The design is especially suited to rare outcomes and to diseases with long latency, where a cohort study would require very large samples or long follow-up. The landmark application is the Doll and Hill (1950) study linking smoking to lung cancer, which compared lung-cancer patients with non-cancer hospital controls and helped establish the design as a tool of modern epidemiology.

History

Outcome-based comparison has roots in nineteenth-century medicine, but the modern case-control study was consolidated in mid-twentieth-century cancer epidemiology. Doll and Hill's 1950 investigation of smoking and lung cancer is the canonical early example, and Cornfield's 1951 paper supplied the statistical justification for estimating relative risk from the odds ratio.
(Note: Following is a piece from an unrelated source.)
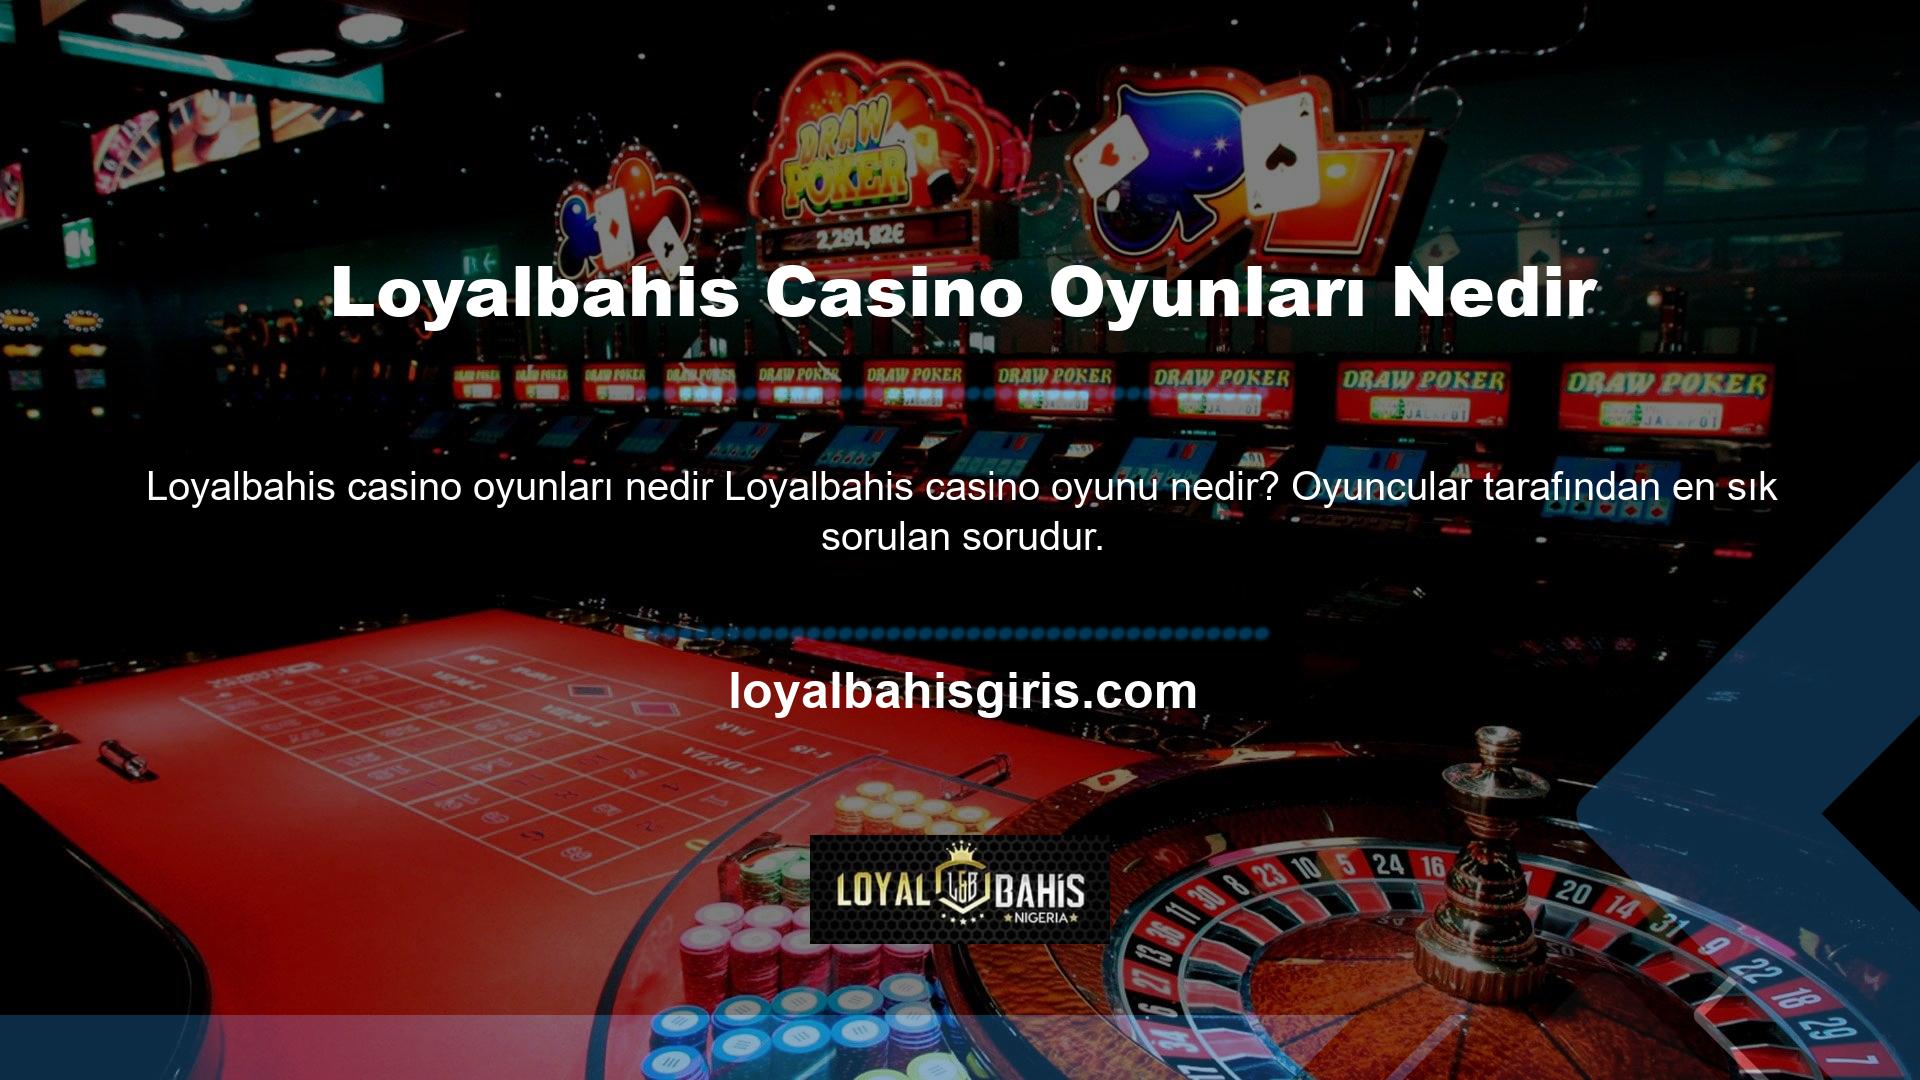 Loyalbahis casino oyunları geniş oyun yelpazesiyle dikkat çekmektedir

Breslow and Day's 1980 monograph then codified the analytic methods, and the design became a workhorse of chronic-disease epidemiology.

Debates

How should controls be selected?: Valid inference depends on controls representing the exposure distribution of the population that generated the cases; hospital, population, and neighbourhood controls each carry different selection-bias risks, and the choice remains a central methodological judgement.
How much does recall bias threaten validity?: Because exposure is ascertained after the outcome is known, cases may recall or report past exposures differently from controls, a bias the design cannot fully eliminate and that must be addressed by design and analysis.

Key figures

Richard Doll
Austin Bradford Hill
Jerome Cornfield
Kenneth Schulz
David Grimes

Seminal works

doll-hill-1950
cornfield-1951
breslow-day-1980
schulz-grimes-2002

Frequently asked questions

Why does a case-control study report an odds ratio instead of a risk ratio?: Because subjects are sampled by outcome status, the design cannot directly estimate incidence or absolute risk; the odds ratio is the measure it can estimate, and it approximates the risk ratio when the outcome is rare.
What is the main weakness of a case-control study?: It is vulnerable to selection bias (in how controls are chosen) and recall bias (in how past exposure is reported), because outcome status is already known when exposure is measured.